Filter-Based Feature Subset Selection and Data Sampling for Fault-Prone Program Module Prediction  
Author Kehan Gao


Co-Author(s) Taghi M. Khoshgoftaar; Amri Napolitano


Abstract Classification models are effective tools for software quality prediction, helping practitioners to identify potentially problematic modules and intelligently assign limited project resources. However, two problems, high dimensionality and class imbalance, may affect the classifiers performance. In this study, we propose a data pre-processing approach, in which feature selection is combined with data sampling, to overcome these problems. More specifically, we investigate two filter-based feature subsets selection techniques, i.e., correlation-based and consistency-based subset evaluation methods, and three data sampling methods, i.e., random undersampling, random oversampling, and synthetic minority oversampling. We are interested in exploring the effect of the various feature selection techniques, sampling methods, and their interactions on the performance of classification models. The empirical study was carried out on three datasets from a real-world software system.

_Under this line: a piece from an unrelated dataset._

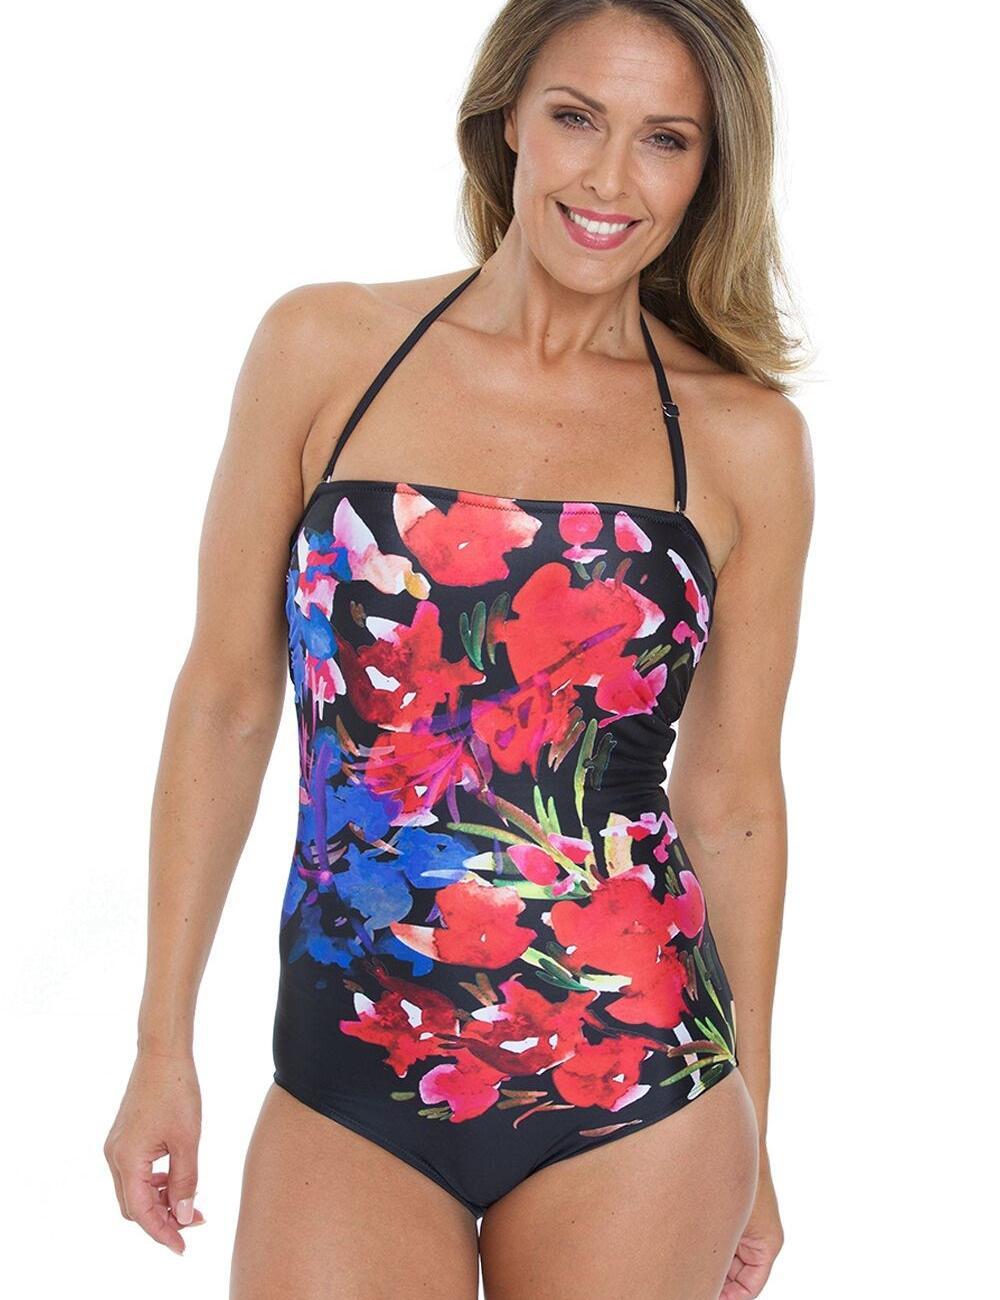 16-2340 SeaSpray Rio Bandeau Swimsuit - 16-2340 Black/Multi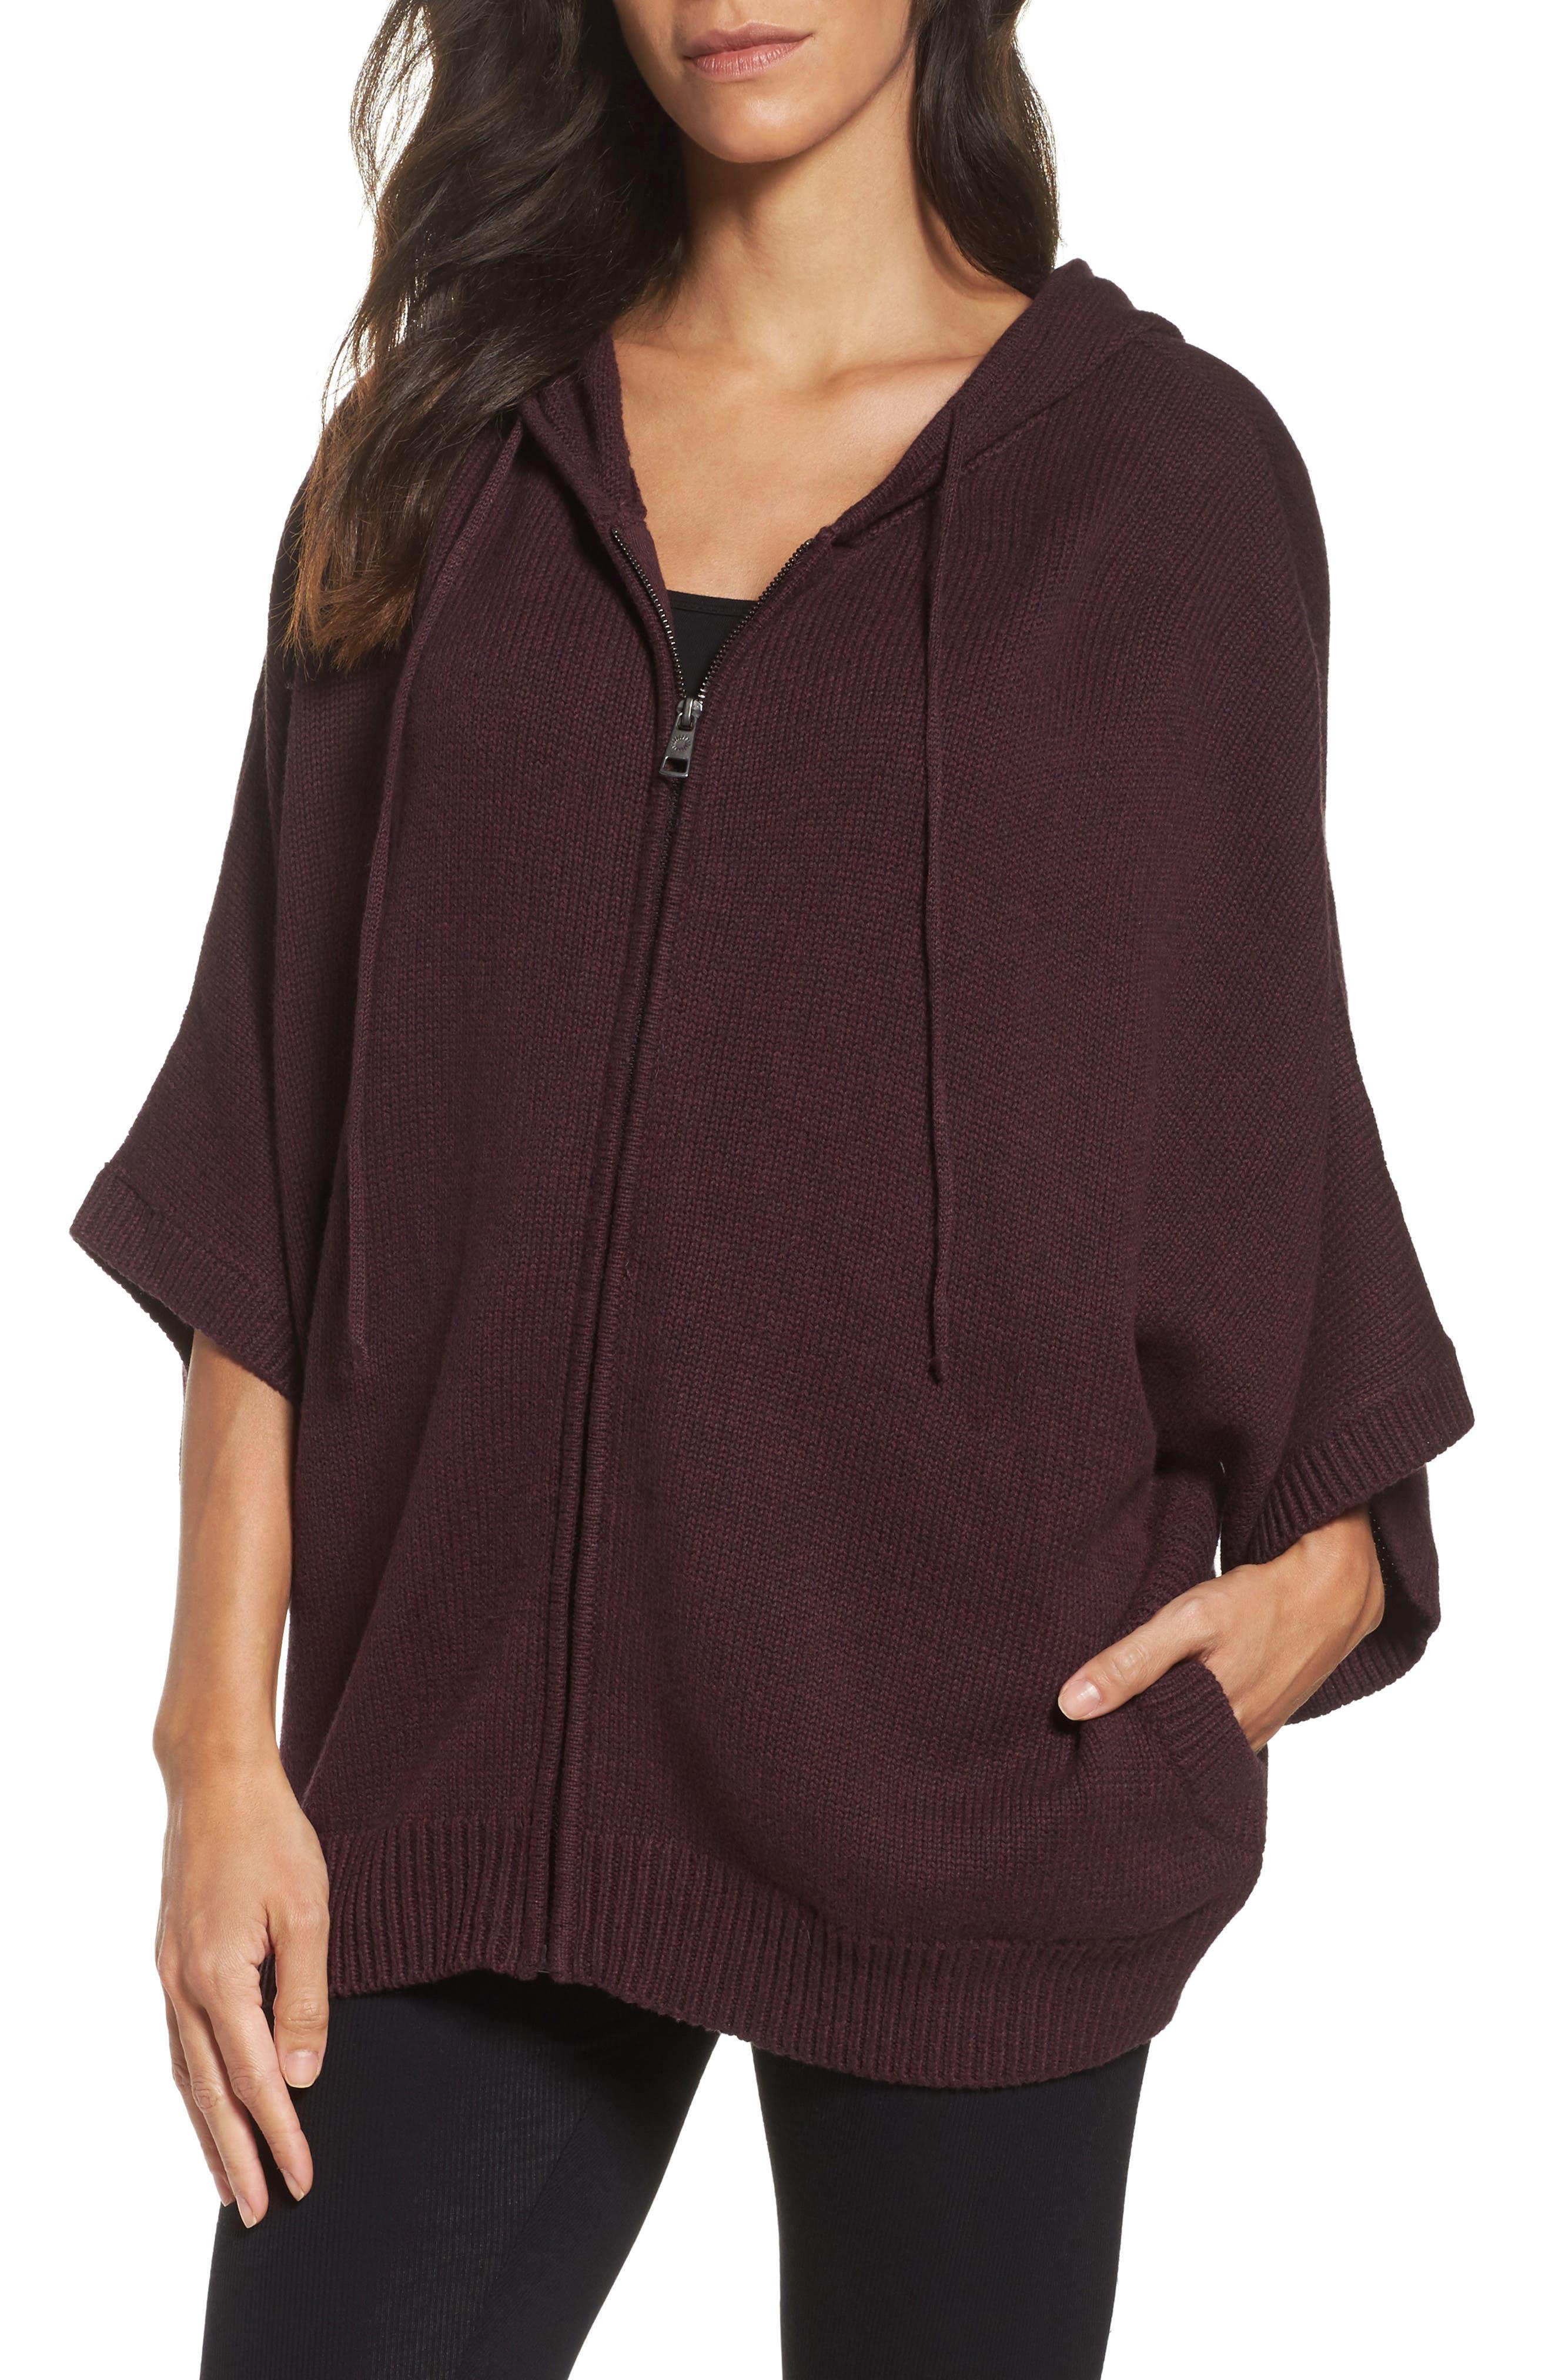 Main Image - UGG® Sweater Knit Poncho

The results demonstrate that the correlation-based subset evaluation technique outperforms the consistency-based method when both used along with a random sampling method; however, when synthetic minority oversampling is employed the consistencybased technique may be a better choice.


Keywords software quality prediction, feature selection, data sampling, subset selection
    Article #:  21114
Proceedings of the 21st ISSAT International Conference on Reliability and Quality in Design
August 6-8, 2015 - Philadelphia, Pennsylvia, U.S.A.